Porsche's Mid-Engine 911 RSR Makes Public On Track Debut At Daytona
It Sure Was A Good Looking Racecar But They've Still Got A Lot Of Work To Do.
Last weekend, IMSA held their pre-season test called "The Roar Before The 24". The purpose of this test is to gather baseline data for the upcoming season to help develop a proper balance of performance. It is particularly important to go through this process with regard to brand new cars, but pre-existing chassis will also have made progress in the off-season that IMSA would like to know about, tracking all manner of data. Porsche's new RSR is the only brand new car in the GTLM field, so it's fair to say there was a little extra scrutiny surrounding their car.
In addition to their new car, Porsche also introduced two new GTLM class factory drivers in the form of Laurens Vanthoor and Dirk Werner. The drivers worked well with the team, and all of them had very nice things to say about the new mid-engine placement of their office for the season. While we don't know what Porsche's goals were for the test, likely shaking down the car, familiarizing the drivers with the car and the circuit, and putting in laps rather than setting outright pace, they were ranked last and second-to-last at the end of the test weekend. Granted, The #911 car turned a best time of 1:44.874 on Sunday, which is just half a second off the pace of the leading Ford GT, and just a few tenths slower than their fastest lap in last year's race. While there is still a long row to hoe before the Daytona race proper at the end of the month, if there is any team that can make up that gap, it'd be Porsche.
Daytona has not been good to Porsche in recent years, with engine failures, teammates crashing into each other, and multiple failures. One of the good measures of the new mid-engine car is that it will allow the drivers to be a little more relaxed in their pursuit of ultimate speed, and hopefully reduce the stress on the engines over the course of 24 constant hours. More advanced aero means more corner speed, hopefully fewer gearchanges, hopefully fewer opportunities for something to go wrong. Porsche stormed to the pole position for last year's Daytona race in damp conditions, so if they can find just a few more tenths of a second in the race, it's likely they'll be in with a chance. Of course there are so many variables in a 24 hour race that it's difficult to predict anything, but Porsche has more wins at Daytona than any other manufacturer, so they know how to get the job done.
During the course of the three days, Patrick Pilet, Dirk Werner, and Fred Makowiecki covered 1431km in their #911 car, while teammates Kevin Estre, Laurens Vanthoor, and Richard Lietz managed a distance of 1505km.

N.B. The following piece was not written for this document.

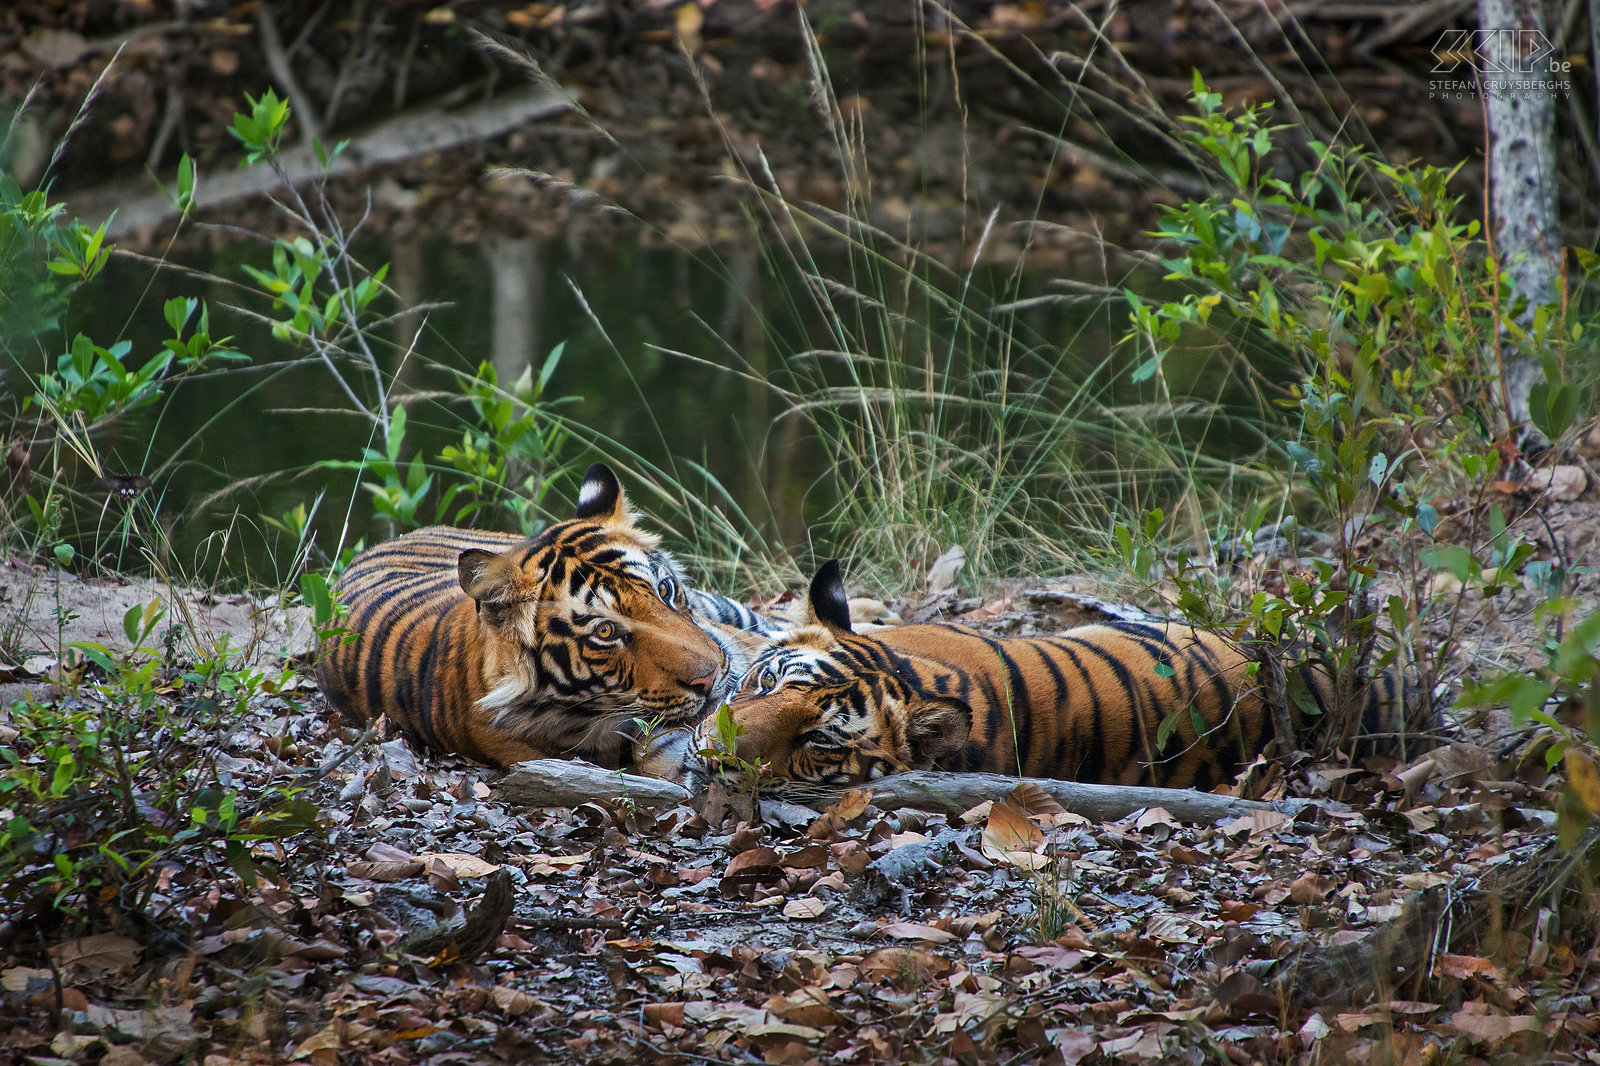 Bandhavgarh - Tijgers Bandhavgarh is een van de beste tijgerreservaten ter wereld. De eerste dag in Bandhavgarh hadden we al een eerste keer een tijger heel eventjes gezien en dat was een magisch moment. De tweede dag spotten we ’s morgens twee mannelijke tijgers aan een kleine waterpoel. Deze 2 broers zijn de 2 jaar oude welpen van de Banbehi tijgerin. Het was geweldig en spannend om deze prachtige dieren in het wild te zien. Er wordt geschat dat er van de Bengaalse tijger nog maar ongeveer 1850 dieren in het wild leven. Stefan Cruysberghs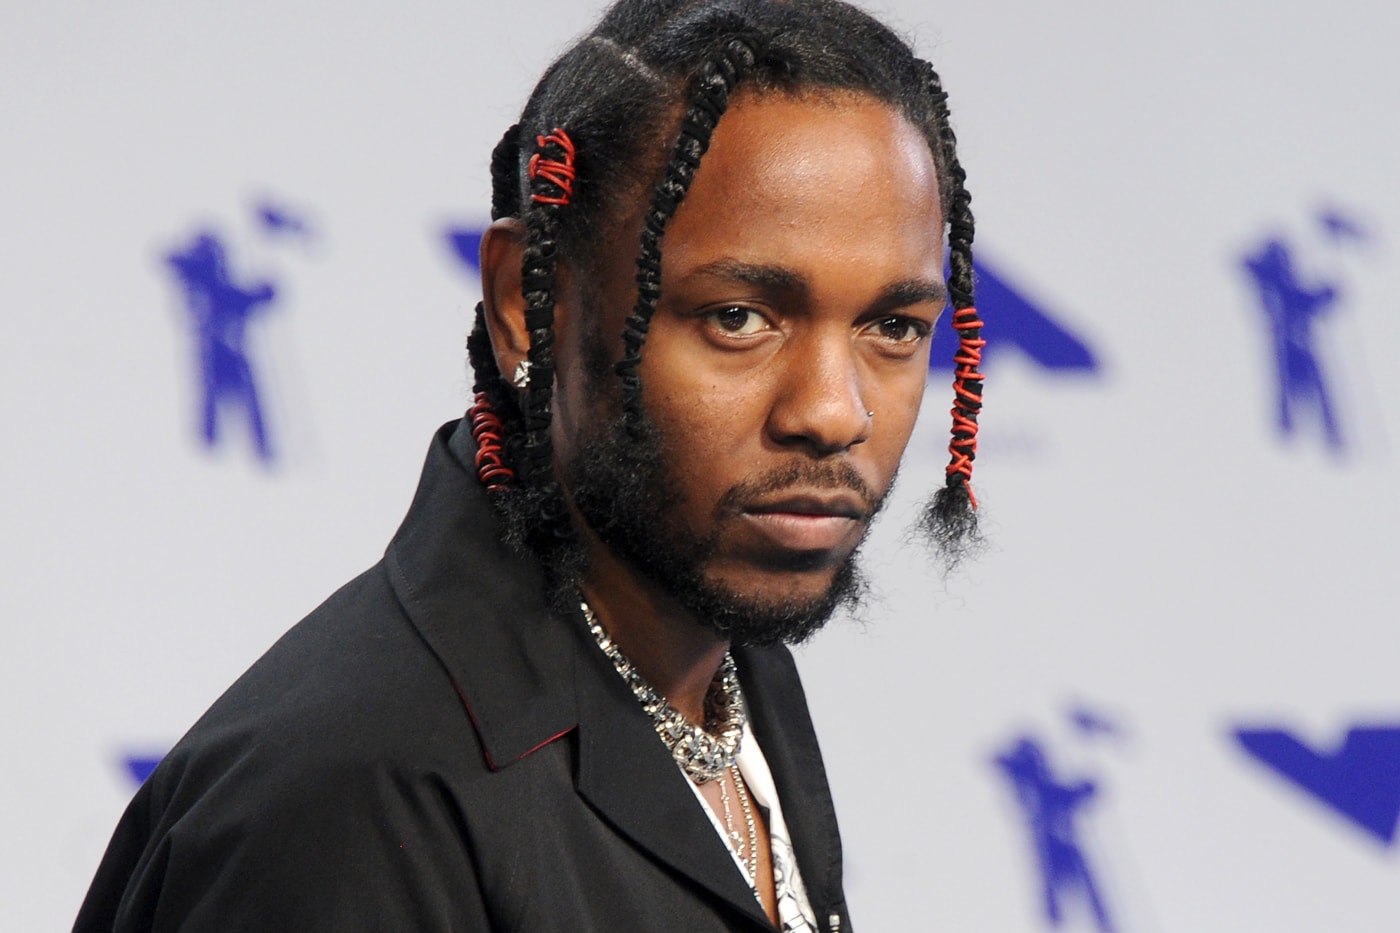 Kendrick Lamar Humble No 2 Billboard Hot 100 Highest Charting Song

Marco Ujhasi, Overall Project Leader GT Works Motorsport:
“The test kilometres that we covered over the last three days in preparation for the race were very important. We managed to tick off all the points we’d scheduled for ourselves and now we have a much better understanding of the car on this racetrack. In addition, we experienced changeable and very diverse track conditions. It was dry and wet, warm and cold – precisely what you need in race preparations to be primed for all eventualities. We feel very well prepared for the race and the premiere of our new 911 RSR. In this respect, these three days in Florida were very successful.”